Many animals can adapt to their environment without learning how. A bull shark did not learn how to enter freshwater, the shark was able to evolve. Few people would label sharks as intelligent animals. They have been around for millions of years with the same basic body plan and are built perfectly for the ocean. It seems that instinct is often over-looked for animals that can use 'tools' in their everyday life.

The ability to learn is a secondary by-product of over-sized brains.
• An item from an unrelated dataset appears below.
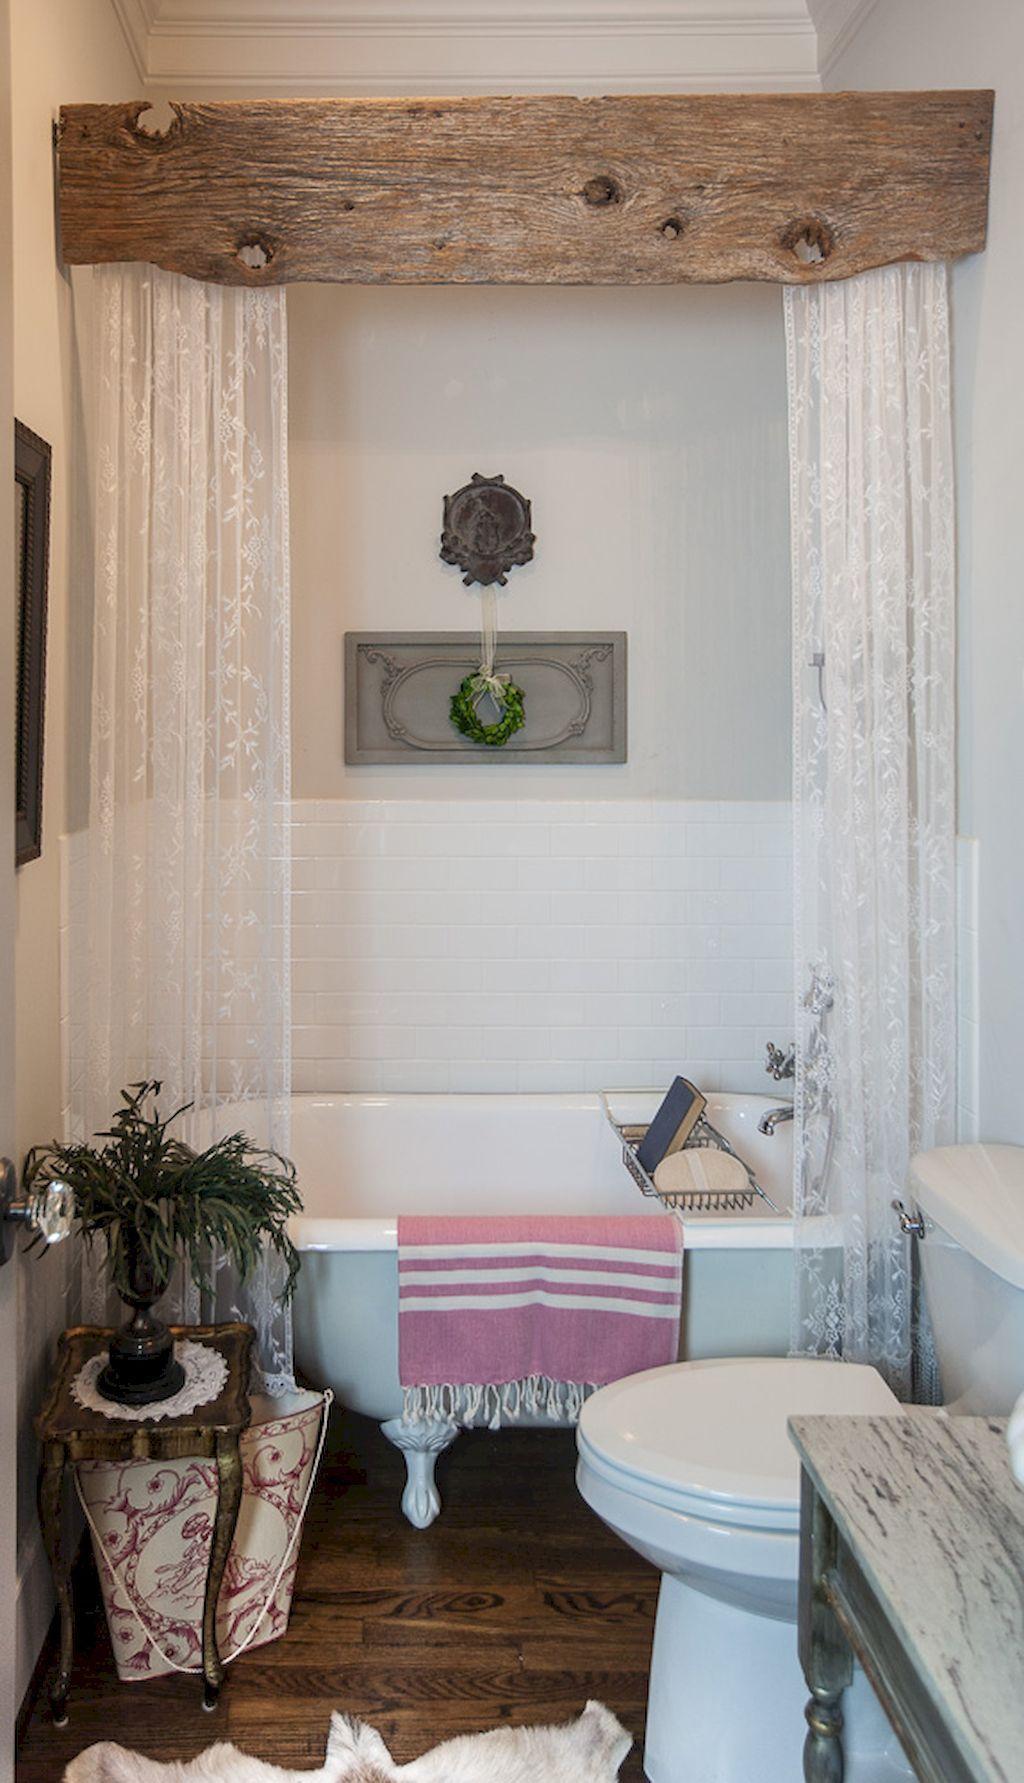 Rustic farmhouse decor ideas on a budget budgethomedecorating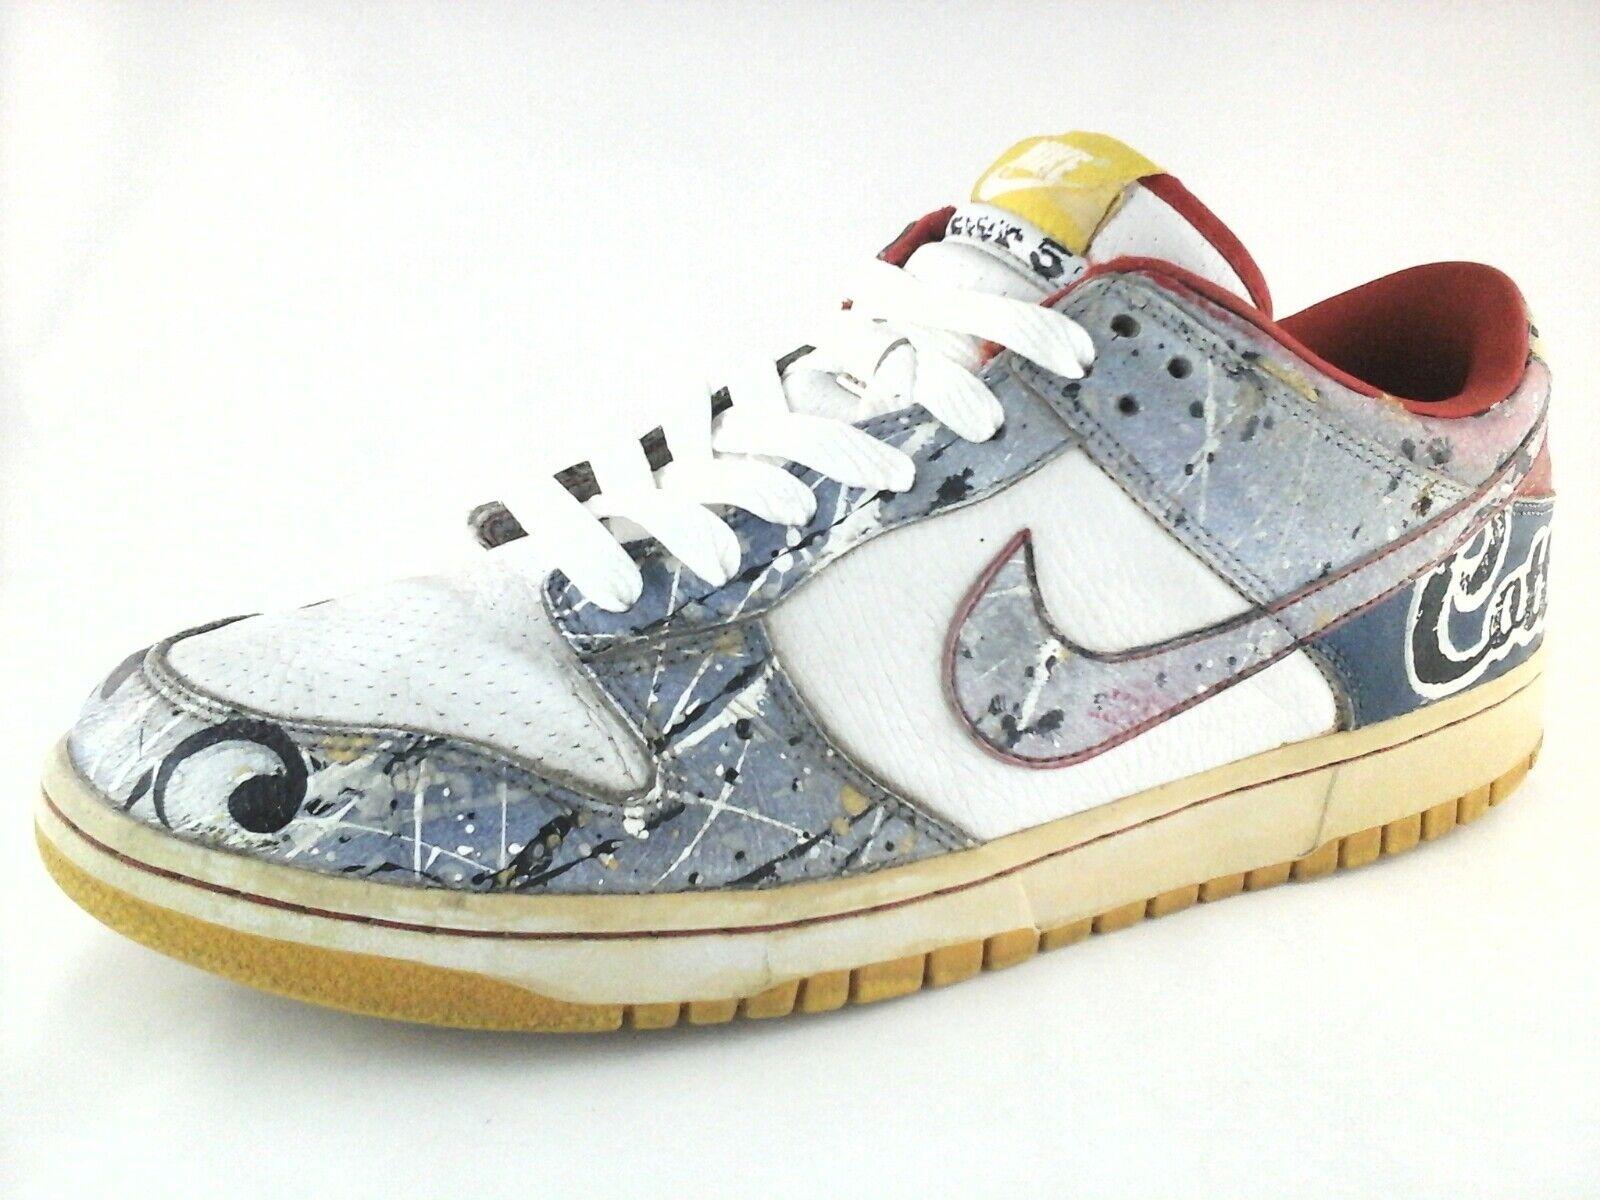 NIKE chaussures Custom Cottonwood Church Bible Verse homme Sneakers US 12 EU 45 RARE

These over-sized brains then require increased blood flow and energy to keep functioning correctly. (has anyone read Kurt Vonnegut's Galapagos??)

Certainly not a topic that can be answered easily. While all organisms are evolving at different rate, some creatures have remained the same for millions of years. Perhaps these animals are the most intelligent of all...

Greg
Learning is one way of having an organism adapt to its environment, as is natural selection. But learning allows the individual animal to adapt over the course of its lifetime, while selection while natural selection operates on the population over the course of many generations. When generations are really fast, like in bacteria or fruit flies, sometimes that can lead to rapid changes, but for animals with longer lives, learning is a more rapid way to adapt, if maybe less directly correlated to survival (the individual doesn't learn from fatal mistakes... but "that which does not kill you makes you stronger" sometimes applies.) In animals that teach their offspring or learn things by observing conspecifics, it's sort of more Lamarckian than Darwinian, too, which is sort of interesting... "Lamarckian Memetics" or something. Of course, there are other organism-level adaptations that are not learning in the neurbiology sense, like the immune system "learning" about a pathogen and then attacking it if it's encountered again (and having a diverse pool of immune markers is a population-level adaptation of the gene pool for disease resistance, which is more Darwinian at that level.)